Using the records below, transcribe word for word the stretch from the line that contains "Anti-Fog Spray KIt" through the line that contains "Vape Shop V1 neon sign", both end lines included, and nothing else.

> **RECORDS TO USE**:
━━━

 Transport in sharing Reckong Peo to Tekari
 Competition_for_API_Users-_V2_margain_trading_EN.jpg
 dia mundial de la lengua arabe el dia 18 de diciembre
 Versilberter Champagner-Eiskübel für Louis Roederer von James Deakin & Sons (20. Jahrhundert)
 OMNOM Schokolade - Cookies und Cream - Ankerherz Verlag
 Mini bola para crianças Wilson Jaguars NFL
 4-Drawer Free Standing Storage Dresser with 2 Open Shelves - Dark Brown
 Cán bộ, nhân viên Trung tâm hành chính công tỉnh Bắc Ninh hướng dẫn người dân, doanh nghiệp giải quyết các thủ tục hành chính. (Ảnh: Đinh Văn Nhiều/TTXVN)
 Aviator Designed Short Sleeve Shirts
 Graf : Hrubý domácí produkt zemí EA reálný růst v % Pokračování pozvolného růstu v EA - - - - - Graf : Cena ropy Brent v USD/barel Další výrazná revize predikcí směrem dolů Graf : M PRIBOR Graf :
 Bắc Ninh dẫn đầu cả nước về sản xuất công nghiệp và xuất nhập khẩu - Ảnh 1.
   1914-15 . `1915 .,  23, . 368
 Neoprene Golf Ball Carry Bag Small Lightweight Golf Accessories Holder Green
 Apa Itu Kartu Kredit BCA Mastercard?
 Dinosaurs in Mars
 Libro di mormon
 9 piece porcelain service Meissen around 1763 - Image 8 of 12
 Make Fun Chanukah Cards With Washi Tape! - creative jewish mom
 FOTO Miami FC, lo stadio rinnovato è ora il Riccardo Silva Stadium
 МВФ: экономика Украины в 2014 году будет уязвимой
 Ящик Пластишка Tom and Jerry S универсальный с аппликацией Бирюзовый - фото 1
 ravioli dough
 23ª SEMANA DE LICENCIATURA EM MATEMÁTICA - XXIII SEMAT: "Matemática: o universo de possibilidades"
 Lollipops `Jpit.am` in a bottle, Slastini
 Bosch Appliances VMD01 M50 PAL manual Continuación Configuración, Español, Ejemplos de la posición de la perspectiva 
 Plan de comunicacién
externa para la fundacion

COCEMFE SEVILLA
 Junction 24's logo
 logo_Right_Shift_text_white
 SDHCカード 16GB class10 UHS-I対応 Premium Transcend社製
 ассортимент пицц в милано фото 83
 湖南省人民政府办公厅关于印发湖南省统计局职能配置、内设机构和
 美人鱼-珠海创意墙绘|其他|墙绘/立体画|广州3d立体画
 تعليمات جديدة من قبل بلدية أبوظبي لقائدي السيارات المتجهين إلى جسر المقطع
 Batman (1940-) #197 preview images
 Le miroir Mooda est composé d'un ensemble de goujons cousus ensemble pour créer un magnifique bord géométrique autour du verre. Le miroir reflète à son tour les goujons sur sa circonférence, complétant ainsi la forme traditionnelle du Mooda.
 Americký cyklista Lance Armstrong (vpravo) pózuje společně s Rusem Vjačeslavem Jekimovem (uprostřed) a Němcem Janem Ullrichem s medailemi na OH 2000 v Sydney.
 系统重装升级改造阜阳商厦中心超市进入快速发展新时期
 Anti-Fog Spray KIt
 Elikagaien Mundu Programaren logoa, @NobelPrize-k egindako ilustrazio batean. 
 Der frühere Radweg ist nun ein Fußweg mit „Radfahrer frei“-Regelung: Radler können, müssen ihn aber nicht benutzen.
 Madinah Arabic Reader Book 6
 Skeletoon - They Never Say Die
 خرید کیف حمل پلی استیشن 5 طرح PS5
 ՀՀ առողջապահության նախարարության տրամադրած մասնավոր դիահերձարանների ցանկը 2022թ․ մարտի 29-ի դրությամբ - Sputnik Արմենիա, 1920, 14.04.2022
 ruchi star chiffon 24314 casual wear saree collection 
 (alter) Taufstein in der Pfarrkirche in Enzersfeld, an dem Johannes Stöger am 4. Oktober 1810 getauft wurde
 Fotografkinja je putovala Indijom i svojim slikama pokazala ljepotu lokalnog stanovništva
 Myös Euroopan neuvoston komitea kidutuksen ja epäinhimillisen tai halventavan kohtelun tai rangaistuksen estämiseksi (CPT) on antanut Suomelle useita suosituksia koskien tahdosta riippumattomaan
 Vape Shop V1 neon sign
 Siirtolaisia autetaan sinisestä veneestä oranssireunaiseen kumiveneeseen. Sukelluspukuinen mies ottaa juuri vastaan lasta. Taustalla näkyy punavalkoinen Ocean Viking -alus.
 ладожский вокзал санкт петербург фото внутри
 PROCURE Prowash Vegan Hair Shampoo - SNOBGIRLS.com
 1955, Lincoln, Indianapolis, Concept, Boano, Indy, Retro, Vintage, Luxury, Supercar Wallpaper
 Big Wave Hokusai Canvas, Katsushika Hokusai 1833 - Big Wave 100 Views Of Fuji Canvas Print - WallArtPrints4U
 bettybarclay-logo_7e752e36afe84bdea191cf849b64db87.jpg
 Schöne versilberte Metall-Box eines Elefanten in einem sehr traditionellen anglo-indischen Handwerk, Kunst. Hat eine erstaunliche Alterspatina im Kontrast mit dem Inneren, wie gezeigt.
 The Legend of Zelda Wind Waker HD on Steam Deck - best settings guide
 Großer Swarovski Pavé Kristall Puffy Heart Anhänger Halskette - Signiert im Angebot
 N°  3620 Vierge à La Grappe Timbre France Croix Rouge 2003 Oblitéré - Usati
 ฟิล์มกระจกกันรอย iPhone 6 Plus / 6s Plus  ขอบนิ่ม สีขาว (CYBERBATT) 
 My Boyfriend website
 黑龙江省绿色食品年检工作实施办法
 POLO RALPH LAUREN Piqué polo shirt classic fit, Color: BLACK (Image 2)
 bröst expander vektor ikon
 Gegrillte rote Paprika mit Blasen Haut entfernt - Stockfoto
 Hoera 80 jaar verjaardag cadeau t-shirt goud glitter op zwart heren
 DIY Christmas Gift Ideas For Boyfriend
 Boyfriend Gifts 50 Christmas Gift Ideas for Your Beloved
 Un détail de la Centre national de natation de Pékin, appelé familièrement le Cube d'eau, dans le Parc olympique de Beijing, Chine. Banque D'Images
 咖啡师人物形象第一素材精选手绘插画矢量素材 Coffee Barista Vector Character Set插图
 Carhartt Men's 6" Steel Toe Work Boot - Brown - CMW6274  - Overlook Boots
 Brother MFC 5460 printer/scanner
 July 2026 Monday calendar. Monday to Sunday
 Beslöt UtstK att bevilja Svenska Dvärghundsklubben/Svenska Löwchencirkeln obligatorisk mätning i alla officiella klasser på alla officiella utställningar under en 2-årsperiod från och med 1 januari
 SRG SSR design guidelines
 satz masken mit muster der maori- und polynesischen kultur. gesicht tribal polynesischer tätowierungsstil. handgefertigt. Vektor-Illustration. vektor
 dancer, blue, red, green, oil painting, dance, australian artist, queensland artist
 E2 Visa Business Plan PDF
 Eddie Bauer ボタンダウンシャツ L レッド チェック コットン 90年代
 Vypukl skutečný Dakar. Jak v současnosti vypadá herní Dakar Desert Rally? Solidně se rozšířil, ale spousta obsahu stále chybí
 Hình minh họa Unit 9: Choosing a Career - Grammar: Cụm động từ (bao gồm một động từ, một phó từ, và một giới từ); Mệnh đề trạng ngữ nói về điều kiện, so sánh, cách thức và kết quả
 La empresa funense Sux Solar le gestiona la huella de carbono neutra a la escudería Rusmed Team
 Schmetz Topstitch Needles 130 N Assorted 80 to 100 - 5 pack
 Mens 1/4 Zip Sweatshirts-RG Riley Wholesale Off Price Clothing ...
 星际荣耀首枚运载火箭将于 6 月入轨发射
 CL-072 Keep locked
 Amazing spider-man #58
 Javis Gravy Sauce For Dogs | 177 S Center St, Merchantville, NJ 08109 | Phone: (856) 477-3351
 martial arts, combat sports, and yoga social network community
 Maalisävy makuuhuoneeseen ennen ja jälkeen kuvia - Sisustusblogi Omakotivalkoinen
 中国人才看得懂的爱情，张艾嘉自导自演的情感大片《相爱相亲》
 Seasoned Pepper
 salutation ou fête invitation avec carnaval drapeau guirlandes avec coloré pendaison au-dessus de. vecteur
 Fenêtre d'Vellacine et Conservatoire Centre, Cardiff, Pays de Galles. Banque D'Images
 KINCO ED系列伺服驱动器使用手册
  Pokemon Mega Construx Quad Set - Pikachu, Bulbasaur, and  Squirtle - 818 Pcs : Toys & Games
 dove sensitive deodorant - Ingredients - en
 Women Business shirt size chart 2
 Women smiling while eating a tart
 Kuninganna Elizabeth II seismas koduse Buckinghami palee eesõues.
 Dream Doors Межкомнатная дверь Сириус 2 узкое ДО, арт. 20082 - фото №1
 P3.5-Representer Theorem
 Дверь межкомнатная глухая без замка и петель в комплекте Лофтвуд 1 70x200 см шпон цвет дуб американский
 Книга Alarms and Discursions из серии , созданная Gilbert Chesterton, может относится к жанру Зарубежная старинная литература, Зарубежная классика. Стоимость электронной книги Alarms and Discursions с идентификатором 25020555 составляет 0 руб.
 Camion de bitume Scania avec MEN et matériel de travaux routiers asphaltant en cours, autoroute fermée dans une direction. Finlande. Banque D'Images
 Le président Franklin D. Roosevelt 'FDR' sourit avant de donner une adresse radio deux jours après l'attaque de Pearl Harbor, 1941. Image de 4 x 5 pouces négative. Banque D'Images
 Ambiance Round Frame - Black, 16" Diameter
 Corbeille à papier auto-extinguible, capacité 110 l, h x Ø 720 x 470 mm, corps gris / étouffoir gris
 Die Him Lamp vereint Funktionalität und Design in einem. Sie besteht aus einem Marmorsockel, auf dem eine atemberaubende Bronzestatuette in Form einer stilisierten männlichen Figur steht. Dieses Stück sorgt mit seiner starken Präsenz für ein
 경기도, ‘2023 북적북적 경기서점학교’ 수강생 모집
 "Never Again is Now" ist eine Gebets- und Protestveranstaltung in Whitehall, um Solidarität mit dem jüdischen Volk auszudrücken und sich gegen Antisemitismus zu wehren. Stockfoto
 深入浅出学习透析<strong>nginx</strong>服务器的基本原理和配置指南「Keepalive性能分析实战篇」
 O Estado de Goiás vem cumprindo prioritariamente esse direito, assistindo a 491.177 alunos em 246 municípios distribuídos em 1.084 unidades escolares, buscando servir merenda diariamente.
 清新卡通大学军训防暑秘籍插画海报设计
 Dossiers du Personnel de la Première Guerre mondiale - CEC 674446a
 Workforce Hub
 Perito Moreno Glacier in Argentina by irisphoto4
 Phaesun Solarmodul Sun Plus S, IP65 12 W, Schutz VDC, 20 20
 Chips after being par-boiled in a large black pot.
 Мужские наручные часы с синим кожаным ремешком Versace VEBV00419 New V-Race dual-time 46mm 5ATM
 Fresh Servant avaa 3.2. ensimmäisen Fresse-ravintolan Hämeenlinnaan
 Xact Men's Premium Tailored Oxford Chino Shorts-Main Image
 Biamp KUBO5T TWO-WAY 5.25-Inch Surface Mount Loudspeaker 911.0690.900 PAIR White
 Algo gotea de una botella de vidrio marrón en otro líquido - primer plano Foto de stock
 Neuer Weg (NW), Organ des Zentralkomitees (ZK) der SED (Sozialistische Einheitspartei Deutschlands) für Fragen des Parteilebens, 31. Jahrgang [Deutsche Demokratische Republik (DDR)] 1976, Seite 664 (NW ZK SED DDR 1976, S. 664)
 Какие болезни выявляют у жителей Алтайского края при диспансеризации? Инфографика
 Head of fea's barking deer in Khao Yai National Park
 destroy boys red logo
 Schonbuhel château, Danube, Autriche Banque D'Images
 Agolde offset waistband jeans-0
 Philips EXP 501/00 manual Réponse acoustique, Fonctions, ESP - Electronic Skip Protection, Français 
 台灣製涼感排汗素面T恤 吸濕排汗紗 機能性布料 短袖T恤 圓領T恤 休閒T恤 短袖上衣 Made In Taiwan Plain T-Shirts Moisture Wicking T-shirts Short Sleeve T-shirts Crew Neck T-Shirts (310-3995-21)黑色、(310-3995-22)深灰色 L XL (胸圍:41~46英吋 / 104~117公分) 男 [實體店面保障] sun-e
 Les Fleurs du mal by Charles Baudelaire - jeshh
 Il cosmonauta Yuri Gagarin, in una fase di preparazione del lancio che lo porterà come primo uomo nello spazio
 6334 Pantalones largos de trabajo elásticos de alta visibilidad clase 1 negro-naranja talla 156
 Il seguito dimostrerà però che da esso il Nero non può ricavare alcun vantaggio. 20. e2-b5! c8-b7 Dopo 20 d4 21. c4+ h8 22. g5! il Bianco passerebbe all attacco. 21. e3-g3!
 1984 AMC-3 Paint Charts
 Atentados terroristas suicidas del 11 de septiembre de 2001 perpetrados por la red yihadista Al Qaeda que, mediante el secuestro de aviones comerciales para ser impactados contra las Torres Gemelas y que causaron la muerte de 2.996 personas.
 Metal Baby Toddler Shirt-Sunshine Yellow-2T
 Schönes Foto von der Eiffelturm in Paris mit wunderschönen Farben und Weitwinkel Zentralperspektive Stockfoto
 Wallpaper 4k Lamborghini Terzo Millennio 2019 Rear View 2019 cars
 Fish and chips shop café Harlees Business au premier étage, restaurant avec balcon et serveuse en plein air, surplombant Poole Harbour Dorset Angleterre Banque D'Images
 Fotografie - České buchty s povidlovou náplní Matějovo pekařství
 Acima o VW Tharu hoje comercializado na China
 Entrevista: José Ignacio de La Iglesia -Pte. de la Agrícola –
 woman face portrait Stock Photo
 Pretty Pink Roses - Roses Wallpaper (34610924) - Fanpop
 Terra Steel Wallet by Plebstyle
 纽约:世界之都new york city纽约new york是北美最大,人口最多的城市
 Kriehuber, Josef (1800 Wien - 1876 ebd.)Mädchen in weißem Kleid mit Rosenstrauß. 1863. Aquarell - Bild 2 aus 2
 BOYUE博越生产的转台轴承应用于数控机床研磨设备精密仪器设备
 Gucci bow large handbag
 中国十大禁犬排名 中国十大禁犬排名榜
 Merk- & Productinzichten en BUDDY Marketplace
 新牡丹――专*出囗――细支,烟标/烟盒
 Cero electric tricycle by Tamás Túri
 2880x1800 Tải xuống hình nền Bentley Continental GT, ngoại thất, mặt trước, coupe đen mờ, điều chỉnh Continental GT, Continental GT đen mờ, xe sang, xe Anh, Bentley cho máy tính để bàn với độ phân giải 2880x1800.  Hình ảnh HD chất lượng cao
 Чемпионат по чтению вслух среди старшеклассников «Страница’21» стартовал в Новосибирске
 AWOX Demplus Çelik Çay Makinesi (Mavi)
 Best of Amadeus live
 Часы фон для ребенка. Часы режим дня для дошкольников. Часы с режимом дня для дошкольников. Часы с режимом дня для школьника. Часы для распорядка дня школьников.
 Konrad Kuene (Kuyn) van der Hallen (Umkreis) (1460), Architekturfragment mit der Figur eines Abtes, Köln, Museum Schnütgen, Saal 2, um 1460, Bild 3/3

━━━

> **RESPONSE AREA**:
 Anti-Fog Spray KIt
 Elikagaien Mundu Programaren logoa, @NobelPrize-k egindako ilustrazio batean. 
 Der frühere Radweg ist nun ein Fußweg mit „Radfahrer frei“-Regelung: Radler können, müssen ihn aber nicht benutzen.
 Madinah Arabic Reader Book 6
 Skeletoon - They Never Say Die
 خرید کیف حمل پلی استیشن 5 طرح PS5
 ՀՀ առողջապահության նախարարության տրամադրած մասնավոր դիահերձարանների ցանկը 2022թ․ մարտի 29-ի դրությամբ - Sputnik Արմենիա, 1920, 14.04.2022
 ruchi star chiffon 24314 casual wear saree collection 
 (alter) Taufstein in der Pfarrkirche in Enzersfeld, an dem Johannes Stöger am 4. Oktober 1810 getauft wurde
 Fotografkinja je putovala Indijom i svojim slikama pokazala ljepotu lokalnog stanovništva
 Myös Euroopan neuvoston komitea kidutuksen ja epäinhimillisen tai halventavan kohtelun tai rangaistuksen estämiseksi (CPT) on antanut Suomelle useita suosituksia koskien tahdosta riippumattomaan
 Vape Shop V1 neon sign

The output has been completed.